• Your goal:
Reproduce every entry exactly as shown.

Given data: Begin

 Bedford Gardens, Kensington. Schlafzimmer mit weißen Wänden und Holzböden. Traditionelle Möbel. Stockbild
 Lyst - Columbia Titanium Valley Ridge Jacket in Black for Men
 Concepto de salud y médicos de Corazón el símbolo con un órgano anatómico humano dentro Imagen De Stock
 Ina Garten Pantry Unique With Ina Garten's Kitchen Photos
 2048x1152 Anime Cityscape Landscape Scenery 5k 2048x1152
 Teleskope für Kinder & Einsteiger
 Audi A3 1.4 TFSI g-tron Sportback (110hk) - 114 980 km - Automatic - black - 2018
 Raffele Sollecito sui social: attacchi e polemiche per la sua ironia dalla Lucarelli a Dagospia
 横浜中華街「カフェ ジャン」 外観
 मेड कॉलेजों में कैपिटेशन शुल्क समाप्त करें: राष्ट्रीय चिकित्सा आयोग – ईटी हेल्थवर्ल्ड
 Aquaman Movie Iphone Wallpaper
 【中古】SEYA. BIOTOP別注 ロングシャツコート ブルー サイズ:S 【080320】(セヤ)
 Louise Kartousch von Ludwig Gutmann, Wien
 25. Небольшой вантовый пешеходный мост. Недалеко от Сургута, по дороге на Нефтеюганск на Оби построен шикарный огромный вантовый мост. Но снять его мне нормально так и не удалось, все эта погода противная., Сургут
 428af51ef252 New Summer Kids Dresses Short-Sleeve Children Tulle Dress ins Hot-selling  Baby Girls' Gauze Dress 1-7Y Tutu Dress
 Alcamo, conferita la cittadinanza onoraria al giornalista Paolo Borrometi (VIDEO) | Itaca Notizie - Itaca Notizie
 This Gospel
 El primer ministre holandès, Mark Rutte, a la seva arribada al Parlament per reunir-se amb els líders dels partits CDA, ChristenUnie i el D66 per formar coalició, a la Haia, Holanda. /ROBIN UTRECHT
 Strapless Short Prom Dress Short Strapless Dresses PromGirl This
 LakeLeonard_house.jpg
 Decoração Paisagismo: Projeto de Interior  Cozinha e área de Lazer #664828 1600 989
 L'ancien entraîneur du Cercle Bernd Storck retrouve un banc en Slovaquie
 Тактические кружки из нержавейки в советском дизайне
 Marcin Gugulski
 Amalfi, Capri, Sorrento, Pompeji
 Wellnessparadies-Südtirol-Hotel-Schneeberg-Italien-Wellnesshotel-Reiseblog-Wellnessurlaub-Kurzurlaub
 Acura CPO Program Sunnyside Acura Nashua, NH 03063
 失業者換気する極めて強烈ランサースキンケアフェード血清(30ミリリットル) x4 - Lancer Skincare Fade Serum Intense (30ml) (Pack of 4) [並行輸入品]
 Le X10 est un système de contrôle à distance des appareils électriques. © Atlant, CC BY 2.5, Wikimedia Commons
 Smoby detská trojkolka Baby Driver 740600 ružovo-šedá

Given data: End

• Output:
 Bedford Gardens, Kensington. Schlafzimmer mit weißen Wänden und Holzböden. Traditionelle Möbel. Stockbild
 Lyst - Columbia Titanium Valley Ridge Jacket in Black for Men
 Concepto de salud y médicos de Corazón el símbolo con un órgano anatómico humano dentro Imagen De Stock
 Ina Garten Pantry Unique With Ina Garten's Kitchen Photos
 2048x1152 Anime Cityscape Landscape Scenery 5k 2048x1152
 Teleskope für Kinder & Einsteiger
 Audi A3 1.4 TFSI g-tron Sportback (110hk) - 114 980 km - Automatic - black - 2018
 Raffele Sollecito sui social: attacchi e polemiche per la sua ironia dalla Lucarelli a Dagospia
 横浜中華街「カフェ ジャン」 外観
 मेड कॉलेजों में कैपिटेशन शुल्क समाप्त करें: राष्ट्रीय चिकित्सा आयोग – ईटी हेल्थवर्ल्ड
 Aquaman Movie Iphone Wallpaper
 【中古】SEYA. BIOTOP別注 ロングシャツコート ブルー サイズ:S 【080320】(セヤ)
 Louise Kartousch von Ludwig Gutmann, Wien
 25. Небольшой вантовый пешеходный мост. Недалеко от Сургута, по дороге на Нефтеюганск на Оби построен шикарный огромный вантовый мост. Но снять его мне нормально так и не удалось, все эта погода противная., Сургут
 428af51ef252 New Summer Kids Dresses Short-Sleeve Children Tulle Dress ins Hot-selling  Baby Girls' Gauze Dress 1-7Y Tutu Dress
 Alcamo, conferita la cittadinanza onoraria al giornalista Paolo Borrometi (VIDEO) | Itaca Notizie - Itaca Notizie
 This Gospel
 El primer ministre holandès, Mark Rutte, a la seva arribada al Parlament per reunir-se amb els líders dels partits CDA, ChristenUnie i el D66 per formar coalició, a la Haia, Holanda. /ROBIN UTRECHT
 Strapless Short Prom Dress Short Strapless Dresses PromGirl This
 LakeLeonard_house.jpg
 Decoração Paisagismo: Projeto de Interior  Cozinha e área de Lazer #664828 1600 989
 L'ancien entraîneur du Cercle Bernd Storck retrouve un banc en Slovaquie
 Тактические кружки из нержавейки в советском дизайне
 Marcin Gugulski
 Amalfi, Capri, Sorrento, Pompeji
 Wellnessparadies-Südtirol-Hotel-Schneeberg-Italien-Wellnesshotel-Reiseblog-Wellnessurlaub-Kurzurlaub
 Acura CPO Program Sunnyside Acura Nashua, NH 03063
 失業者換気する極めて強烈ランサースキンケアフェード血清(30ミリリットル) x4 - Lancer Skincare Fade Serum Intense (30ml) (Pack of 4) [並行輸入品]
 Le X10 est un système de contrôle à distance des appareils électriques. © Atlant, CC BY 2.5, Wikimedia Commons
 Smoby detská trojkolka Baby Driver 740600 ružovo-šedá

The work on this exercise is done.